WHAT TO DO:
Below are the entries to work from; restate word for word the portion that opens with the line containing "15 культовых образов Мадонны" and closes with the line containing "OLAB Trinkwasser DVGW", keeping both.

━━━ EXTRACTED MATERIAL ━━━

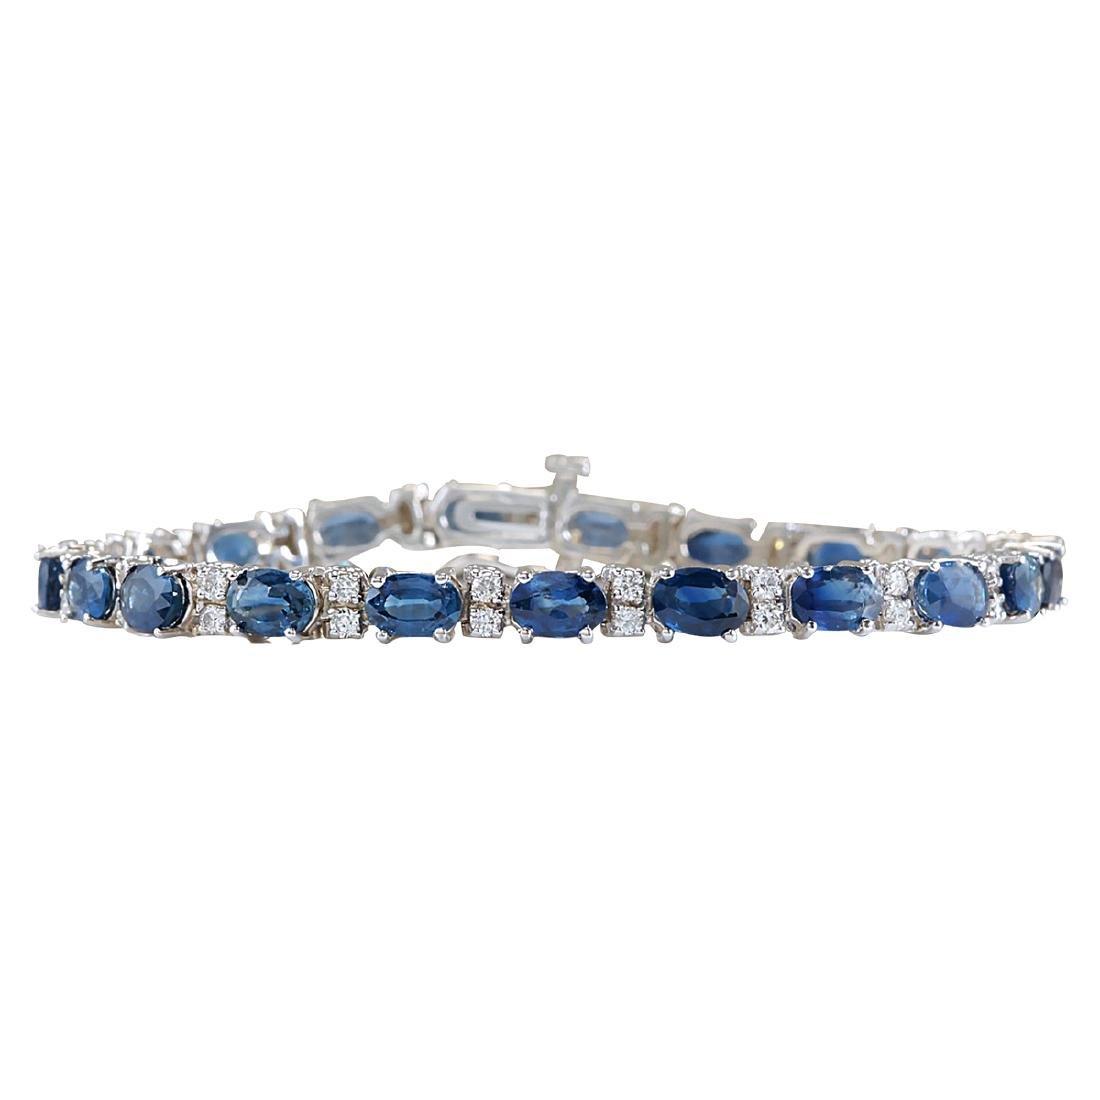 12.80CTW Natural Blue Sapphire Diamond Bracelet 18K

━━━
━━━ EXTRACTED MATERIAL ━━━

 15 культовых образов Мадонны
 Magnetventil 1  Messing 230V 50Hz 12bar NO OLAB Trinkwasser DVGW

━━━
━━━ EXTRACTED MATERIAL ━━━

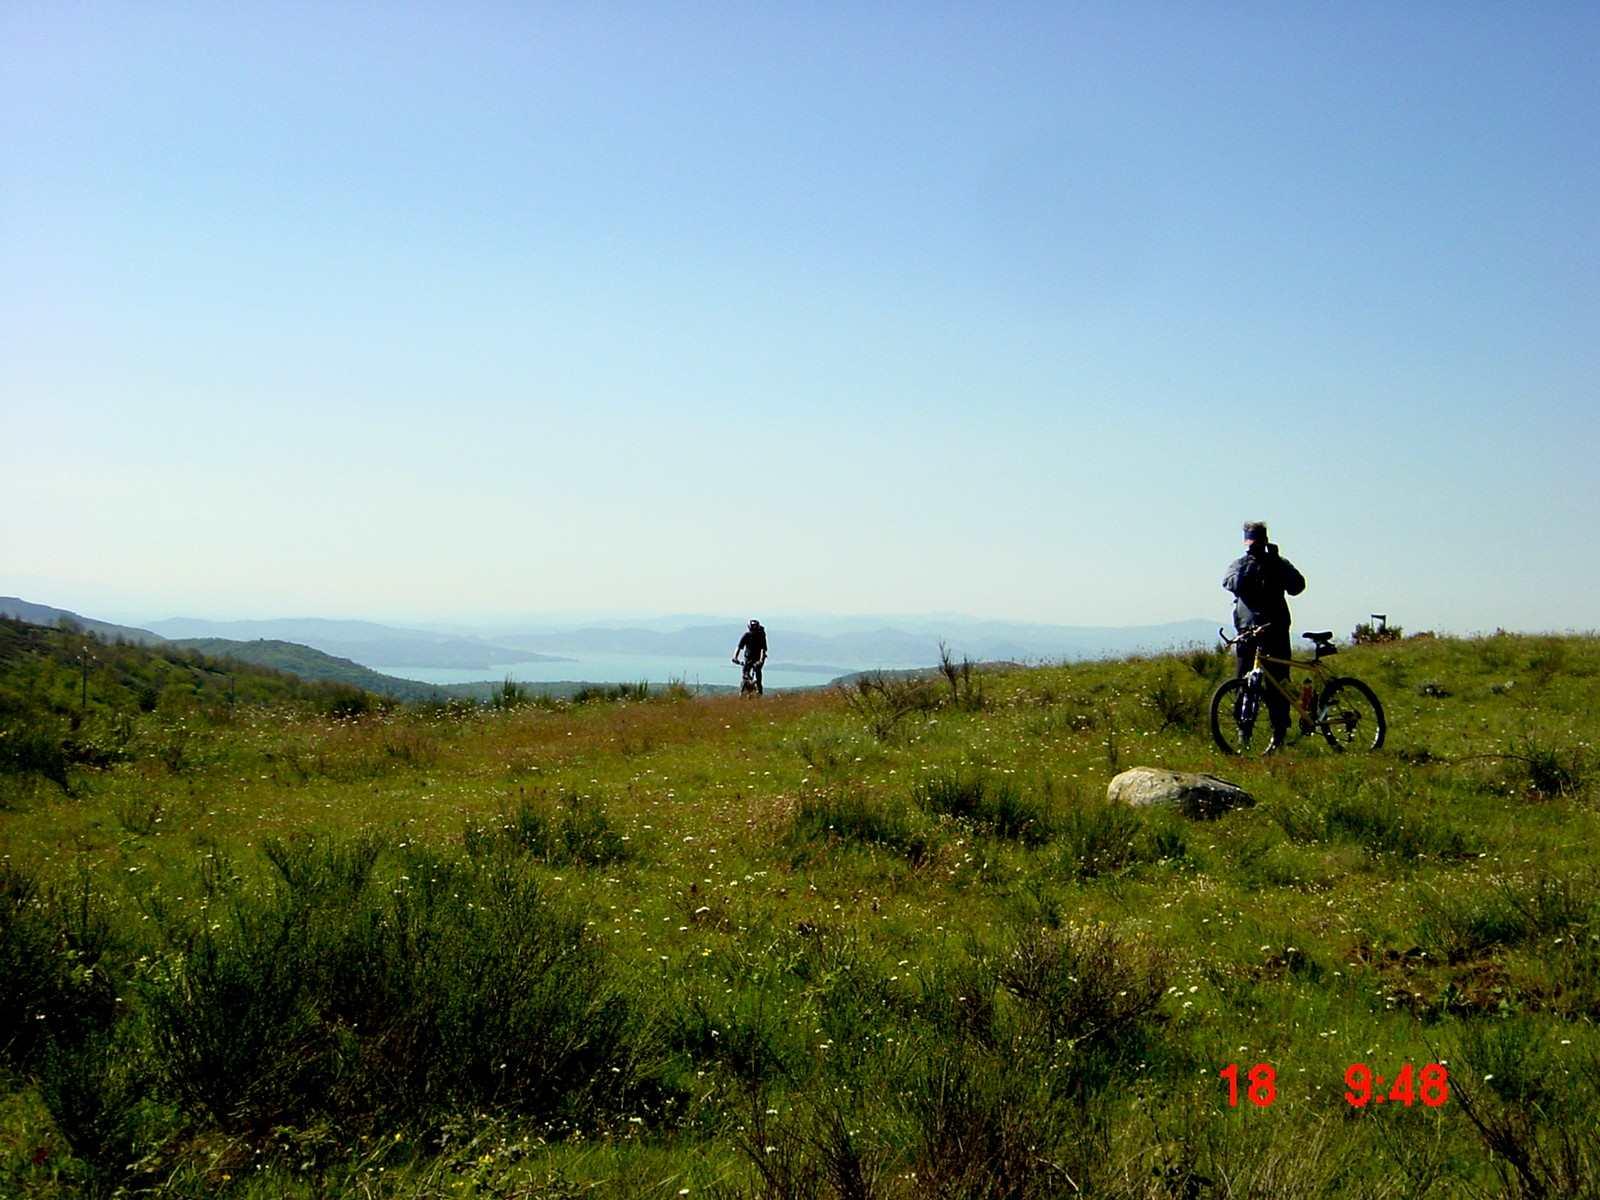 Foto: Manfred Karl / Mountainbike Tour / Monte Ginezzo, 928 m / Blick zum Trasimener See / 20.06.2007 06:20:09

━━━

ANSWER FOR THE TASK:
 15 культовых образов Мадонны
 Magnetventil 1  Messing 230V 50Hz 12bar NO OLAB Trinkwasser DVGW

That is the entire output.